James Greenhalgh Nov. 9, 2018, 2:57 p.m. UTC | #2

On Mon, Jan 22, 2018 at 09:22:27AM -0600, Richard Biener wrote:
> On Mon, Jan 22, 2018 at 4:01 PM, Wilco Dijkstra <Wilco.Dijkstra@arm.com> wrote:
> > PR79262 has been fixed for almost all AArch64 cpus, however the example is still
> > vectorized in a few cases, resulting in lower performance.  Increase the cost of
> > vector-to-scalar moves so it is more similar to the other vector costs.
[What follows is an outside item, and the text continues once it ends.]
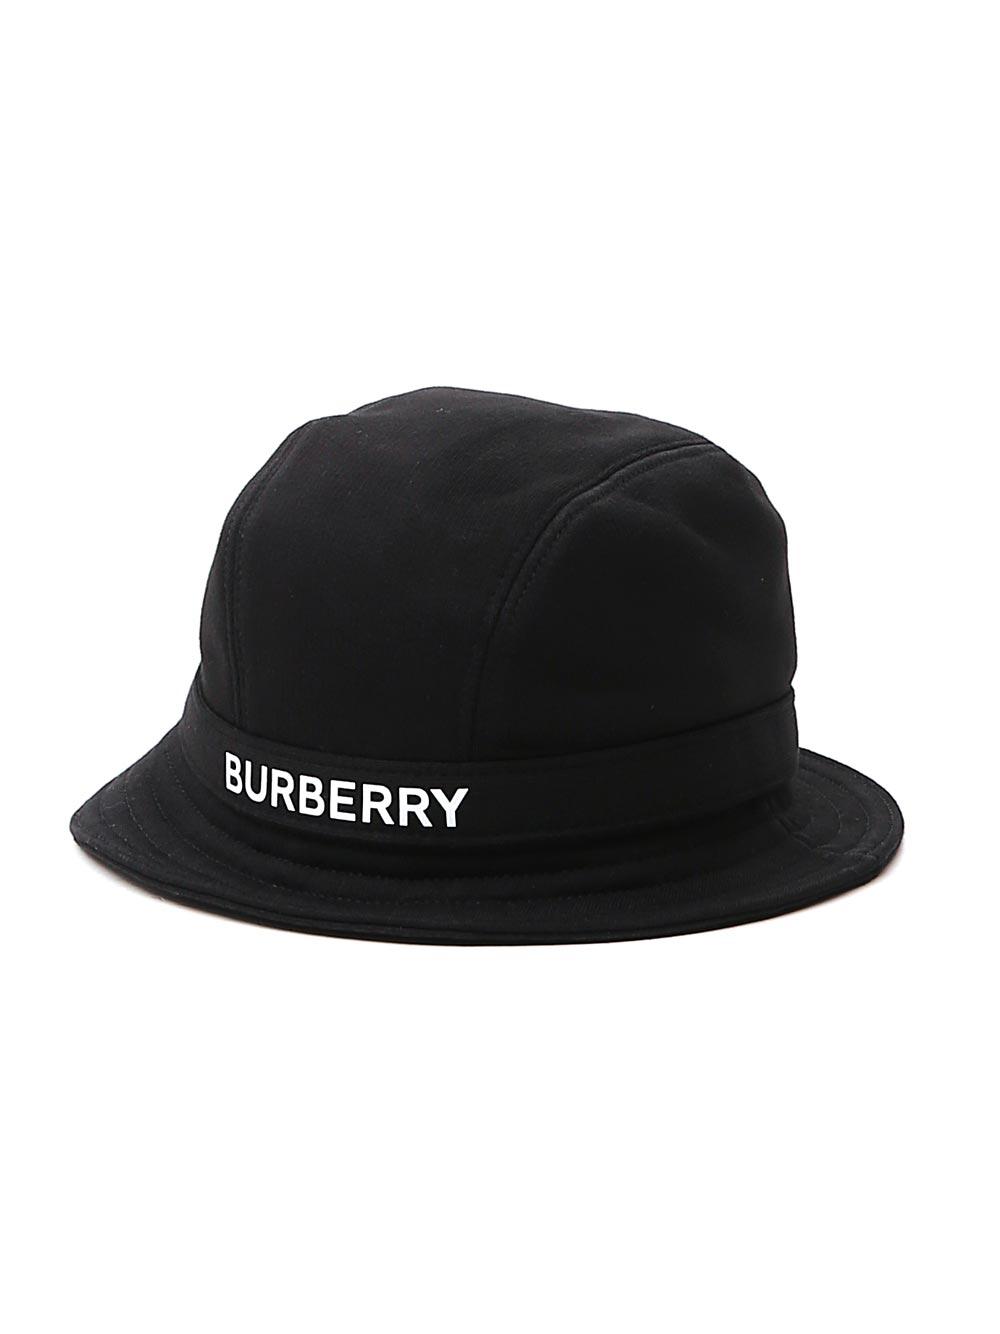 Burberry Cotton Logo Print Bucket Hat in Black - Lyst
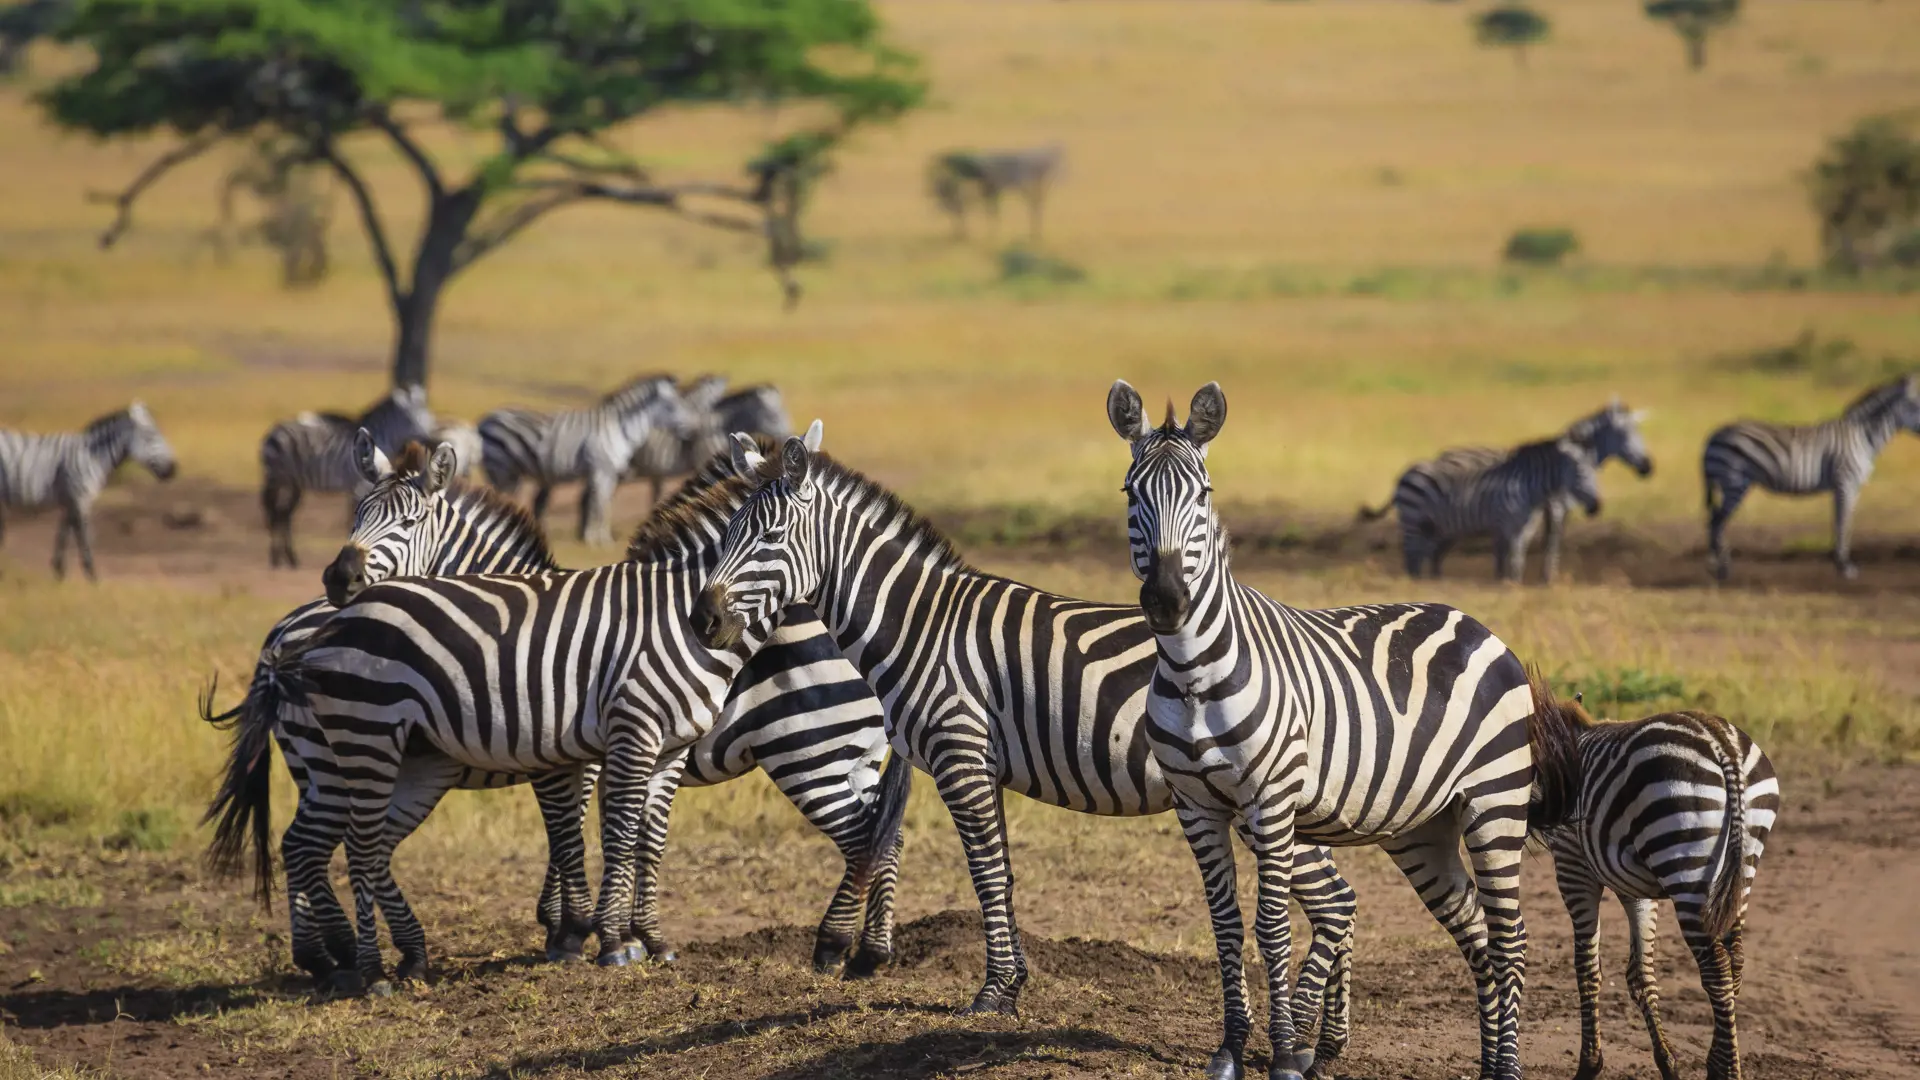 shutterstock_731633662 Zebras in Serengeti National park - Tanzania.jpg

As a result
> > -mcpu=cortex-a53 no longer vectorizes the testcase - libquantum and SPECv6
> > performance improves.
> >
> > OK for commit?
> 
> It would be better to dissect this cost into vec_to_scalar and vec_extract where
> vec_to_scalar really means getting at the scalar value of a vector of
> uniform values
> which most targets can do without any instruction (just use a subreg).
> 
> I suppose we could also make vec_to_scalar equal to vector extraction and remove
> the uses for the other case (reduction vector result to scalar reg).

I have dug up Richard's comments from last year, which you appear to have
ignored and made no reference to when resubmitting the patch.

Please don't do that. Carefully consider Richard's review feedback before
resubmitting this patch.

To reiterate, it is not OK for trunk.

Thanks,
James

> 
> Richard.
> 
> > ChangeLog:
> > 2018-01-22  Wilco Dijkstra  <wdijkstr@arm.com>
> >
> >         PR target/79262
> >         * config/aarch64/aarch64.c (generic_vector_cost): Adjust vec_to_scalar_cost.

Wilco Dijkstra Nov. 9, 2018, 5:43 p.m. UTC | #3

Hi James,

>On Mon, Jan 22, 2018 at 09:22:27AM -0600, Richard Biener wrote:
>> It would be better to dissect this cost into vec_to_scalar and vec_extract where
>> vec_to_scalar really means getting at the scalar value of a vector of
>> uniform values
>> which most targets can do without any instruction (just use a subreg).
>> 
>> I suppose we could also make vec_to_scalar equal to vector extraction and remove
>> the uses for the other case (reduction vector result to scalar reg).
>
> I have dug up Richard's comments from last year, which you appear to have
> ignored and made no reference to when resubmitting the patch.
>
> Please don't do that. Carefully consider Richard's review feedback before
> resubmitting this patch.

I seem to have missed this comment... However I can't see how it relates to my
patch, particularly since Richard claimed in PR79262 that this PR is a backend
issue. Sure it *would* be great to fix the vector cost infrastructure, but that's a lot
of work, and wasn't my goal here, nor is it required to fix PR79262. The existing
costs allow the issue to be solved, just like the other targets/tunings have done
already, so that's clearly the best approach for this PR.

Wilco

diff --git a/gcc/config/aarch64/aarch64.c b/gcc/config/aarch64/aarch64.c
index c6a83c881038873d8b68e36f906783be63ddde56..43f5b7162152ca92a916f4febee01f624c375202 100644
--- a/gcc/config/aarch64/aarch64.c
+++ b/gcc/config/aarch64/aarch64.c
@@ -403,7 +403,7 @@  static const struct cpu_vector_cost generic_vector_cost =
   1, /* vec_int_stmt_cost  */
   1, /* vec_fp_stmt_cost  */
   2, /* vec_permute_cost  */
-  1, /* vec_to_scalar_cost  */
+  2, /* vec_to_scalar_cost  */
   1, /* scalar_to_vec_cost  */
   1, /* vec_align_load_cost  */
   1, /* vec_unalign_load_cost  */